Evangelio Dominical
I. Escuchamos en este Domingo (XXVI del Tiempo Ordinario; Ciclo A: Mt 21, 28-32) la primera de las tres parábolas pronunciadas por Jesús el Lunes Santo, ante un auditorio en el que se mezclan los que deseaban escuchar su palabra y una comisión del Sanedrín que había acudido a pedirle cuentas por su actuación («¿Con qué autoridad haces esto y quién te ha dado ese poder?» v. 23).
Jesús les reduce al silencio apelando al origen divino del bautismo de Juan y continúa: «¿Qué os parece? Un hombre tenía dos hijos…» (v. 28). Y así empieza la serie de parábolas que contienen el trágico misterio de la reprobación del pueblo de Dios y el llamamiento de otros pueblos que habíamos de venir a ocupar su puesto.
Un padre tiene dos hijos y los envía a trabajar en su viña. Uno responde: voy enseguida; y luego no va. Otro contesta: no quiero, más se arrepiente y va. Éste es el que hace la voluntad del padre y será premiado. El segundo hijo representa al pueblo gentil y aquel otro a los judíos.
Aplicándola a nuestra vida cristiana, la parábola de hoy nos enseña que no bastan las buenas intenciones, Han de ir acompañadas de las obras. El primero de los dos hijos es el tipo de los que honran a Dios con los labios, pero cuyo corazón está lejos de Él; el segundo es el hombre que se arrepiente y se salva. No basta decir: voy Señor, si luego no se va. El seguimiento de Jesucristo comprende el cumplir los mandamientos.
"Maestro, ¿qué he de hacer yo de bueno para conseguir la vida eterna?" Al joven que le hace esta pregunta, Jesús responde primero invocando la necesidad de reconocer a Dios como "el único Bueno", como el Bien por excelencia y como la fuente de todo bien. Luego Jesús le declara: "Si quieres entrar en la vida, guarda los mandamientos". Y cita a su interlocutor los preceptos que se refieren al amor del prójimo: "No matarás, no cometerás adulterio, no robarás, no levantarás testimonio falso, honra a tu padre y a tu madre". Finalmente, Jesús resume estos mandamientos de una manera positiva: "Amarás a tu prójimo como a ti mismo"» (CATIC, 2052).
II. Los mandamientos de la Ley de Dios tienen este nombre porque el mismo Dios los ha impreso en el alma de todo hombre, los promulgó en la antigua Ley sobre el monte Sinaí, grabados en dos tablas de piedra, y Jesucristo los ha confirmado en la Ley nueva. Los tres primeros mandamientos miran directamente a Dios y a los deberes que con El tenemos. Los restantes miran al prójimo y a los deberes que tenemos con él.

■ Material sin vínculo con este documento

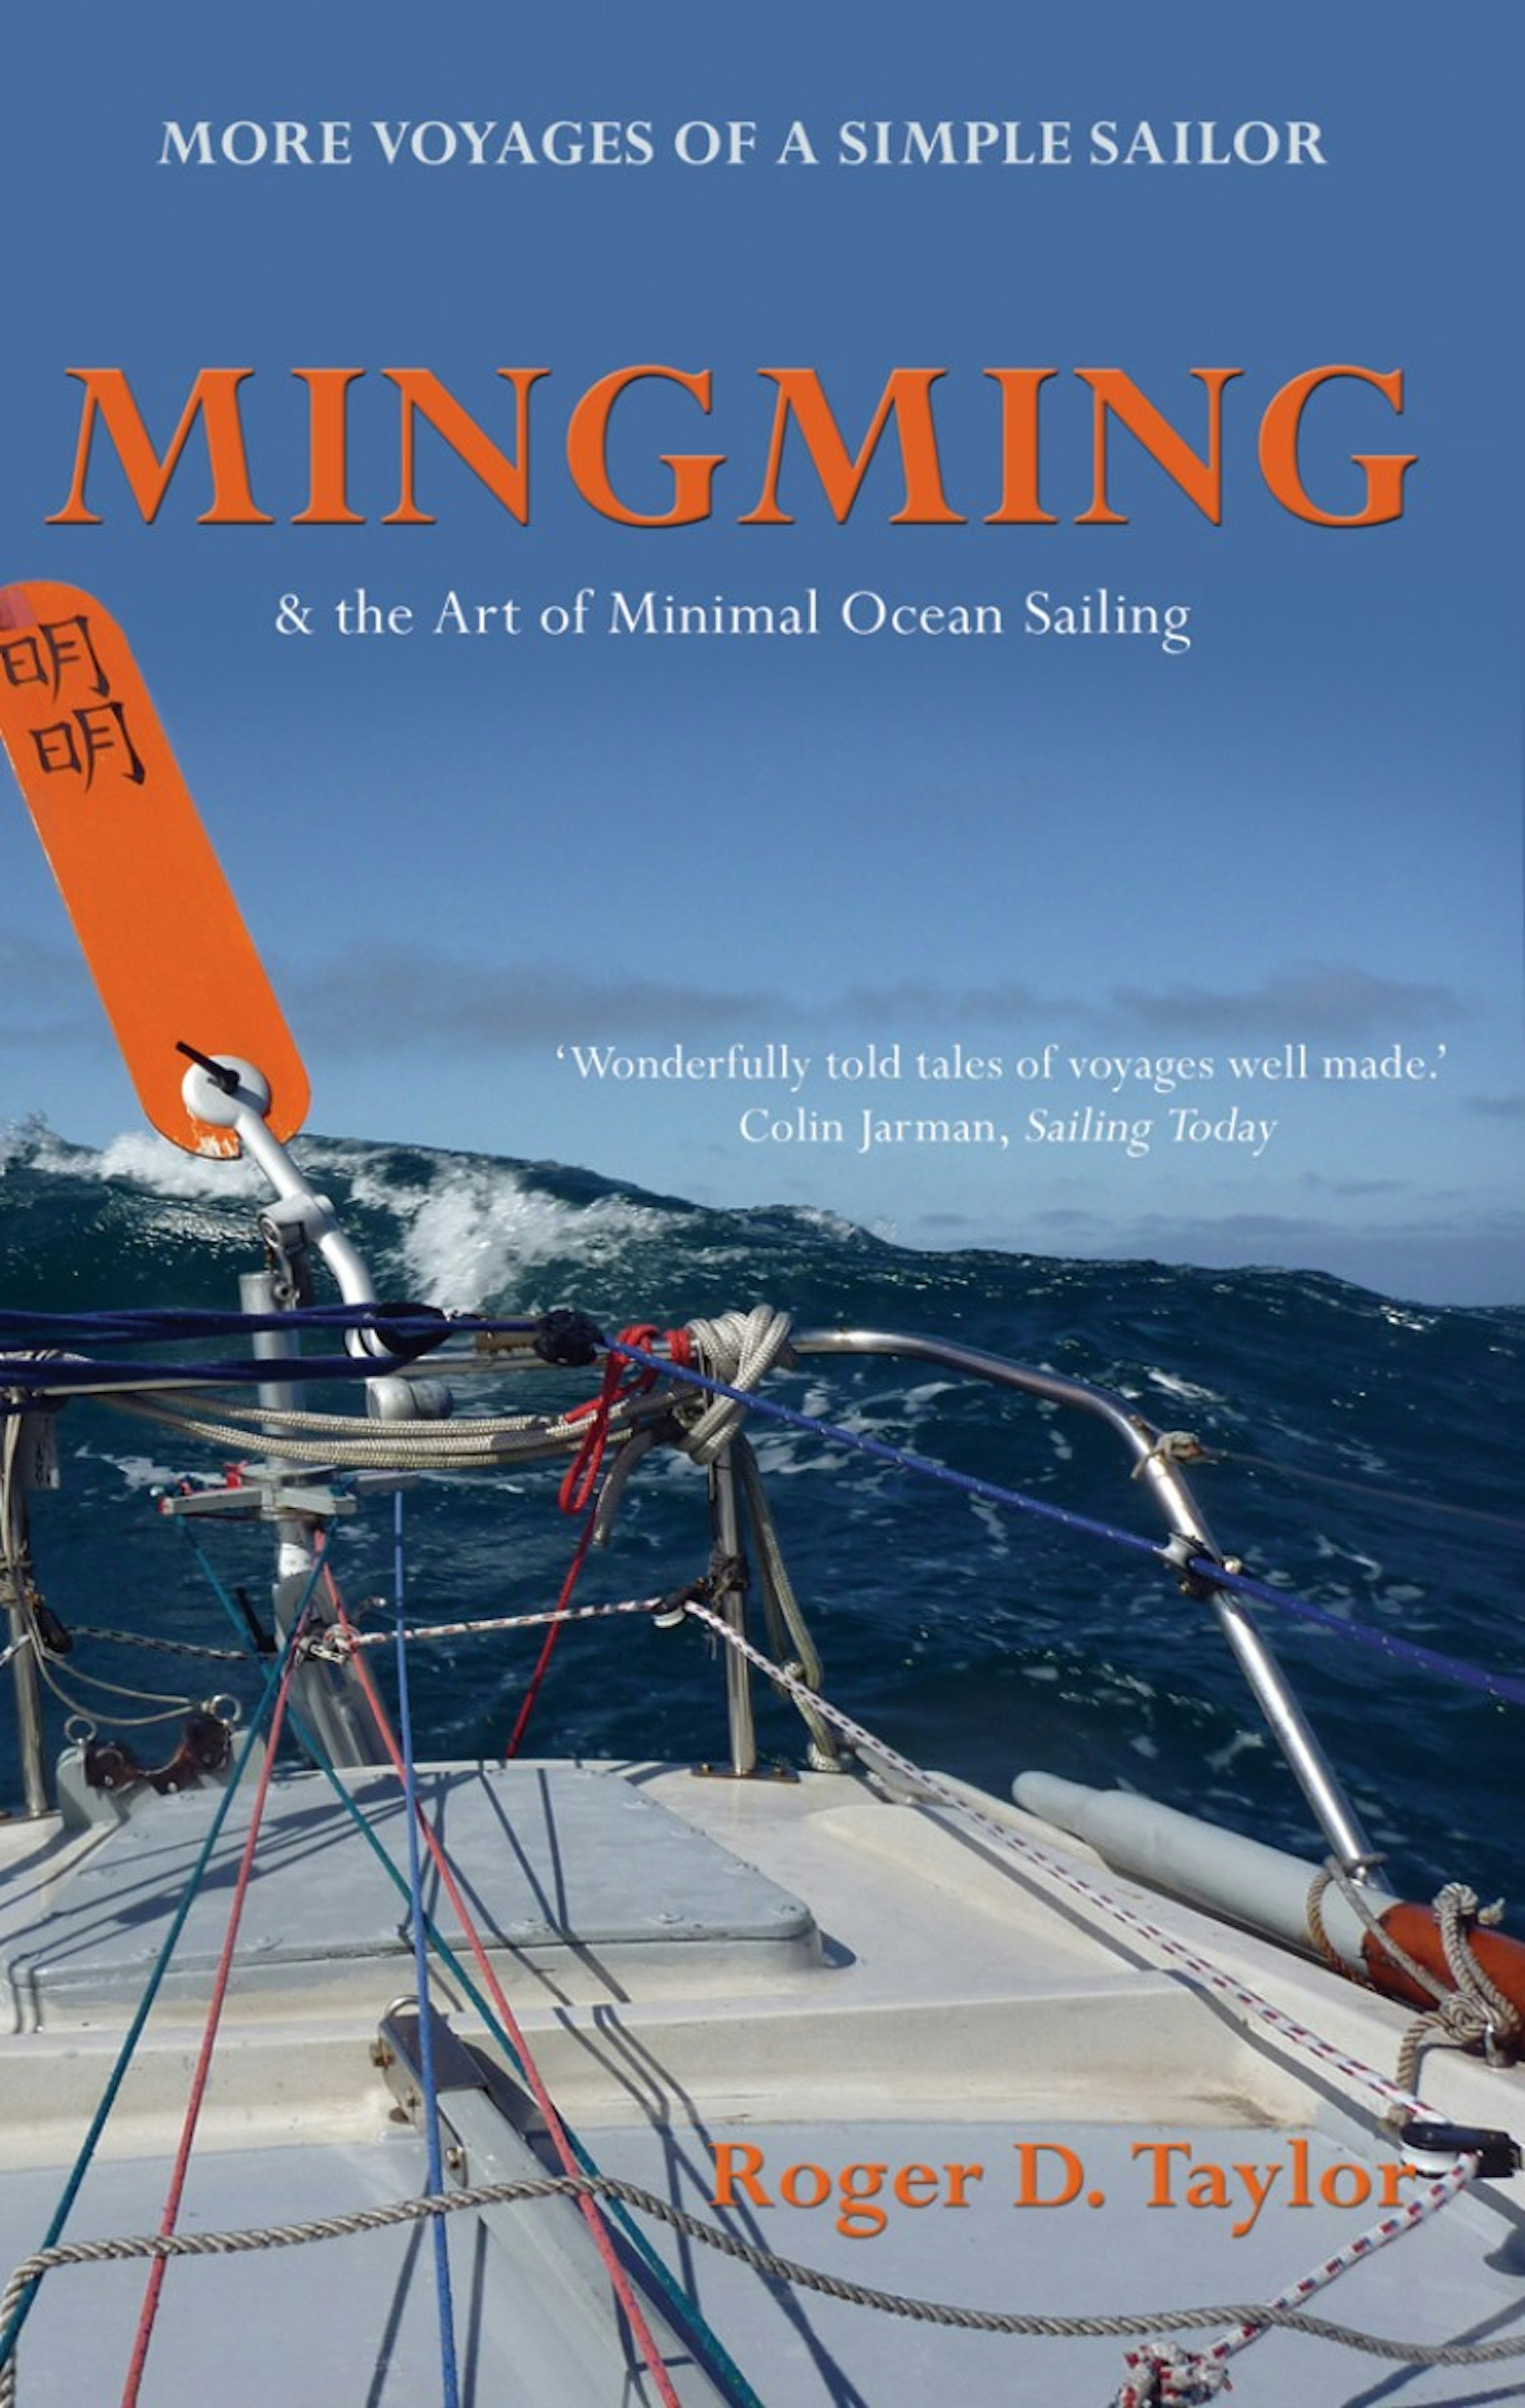 Mingming & the Art of Minimal Ocean Sailing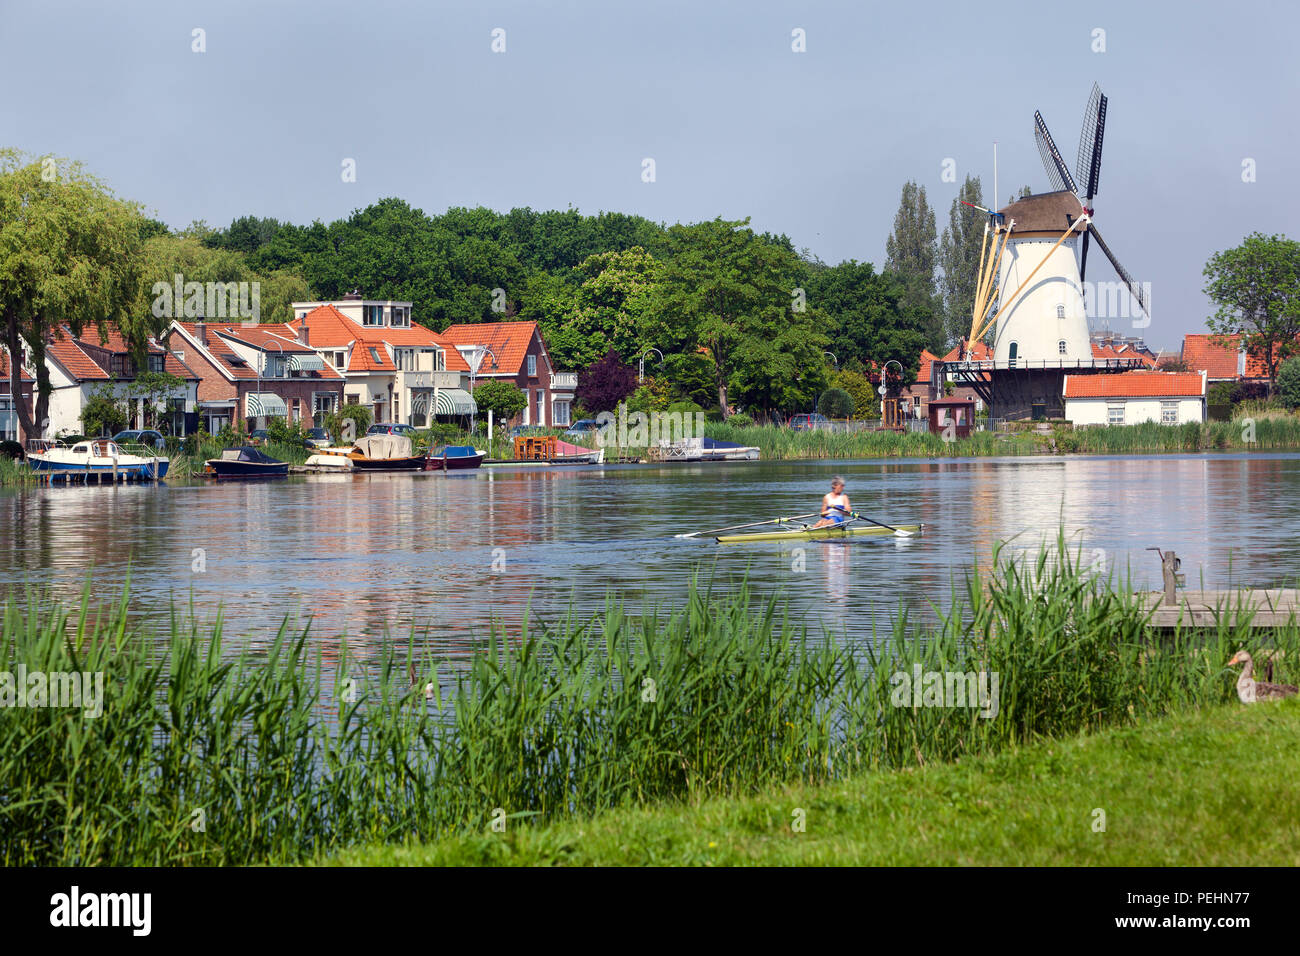 La rivière idyllique Rotte à Rotterdam avec un vieux moulin blanc et quelques maisons à l'autre côté tandis qu'un bateau à rames est passant par Banque D'Images

Estamos obligados a guardar los mandamientos, porque todos hemos de vivir según la voluntad de Dios, que nos ha creado, y basta quebrantar gravemente uno solo para merecer el infierno. Está en nuestro poder guardar estos mandamientos con la gracia de Dios, quien siempre está pronto a darla a quien debidamente se la pide (Cfr. Catecismo Mayor).
III. Además de los mandamientos de la Ley de Dios y de la Iglesia, el cristiano debe poner en práctica los deberes del propio estado y los consejos evangélicos.
a) Por deberes del propio estado se entienden aquellas obligaciones particulares que tiene cada uno por razón de su estado, condición y oficio. Dios mismos es quien ha impuesto a los varios estados sus particulares deberes, porque éstos se derivan de los divinos mandamientos. Así por ejemplo los deberes de fidelidad, justicia, sinceridad y equidad que hay que ejercer un muchas ocupaciones profesionales, se derivan del séptimo, octavo y décimo mandamientos, que prohíbe todo fraude, injusticia, negligencia y doblez.
b) Los consejos evangélicos son algunos medios propuestos por Jesucristo en el Santo Evangelio para llegar a la perfección cristiana. Son pobreza voluntaria, castidad perpetua y obediencia en todo lo que no fuere pecado.
Los consejos evangélicos sirven para facilitar la guarda de los mandamientos y asegurar mejor la eterna salvación porque nos ayudan a desasir el corazón del amor a la riqueza, de los placeres y de las honras, y de esta manera nos desvían del pecado (Cfr. Catecismo Mayor).
Decir y no hacer es lo que Jesús denuncia en la parábola. Decir y hacer es adherirse a Jesucristo y seguir el camino de los mandamientos sintetizados en el doble precepto del amor. El amor a Dios, y el verdadero amor al prójimo, se alimentan en la oración y en los sacramentos, en la lucha constante por superar nuestros pecados. Al recibir al Señor en la Eucaristía, le pedimos que –como la Virgen María- hagamos de nuestra vida un continuo sí, en obediencia a su voluntad y a su divina Ley.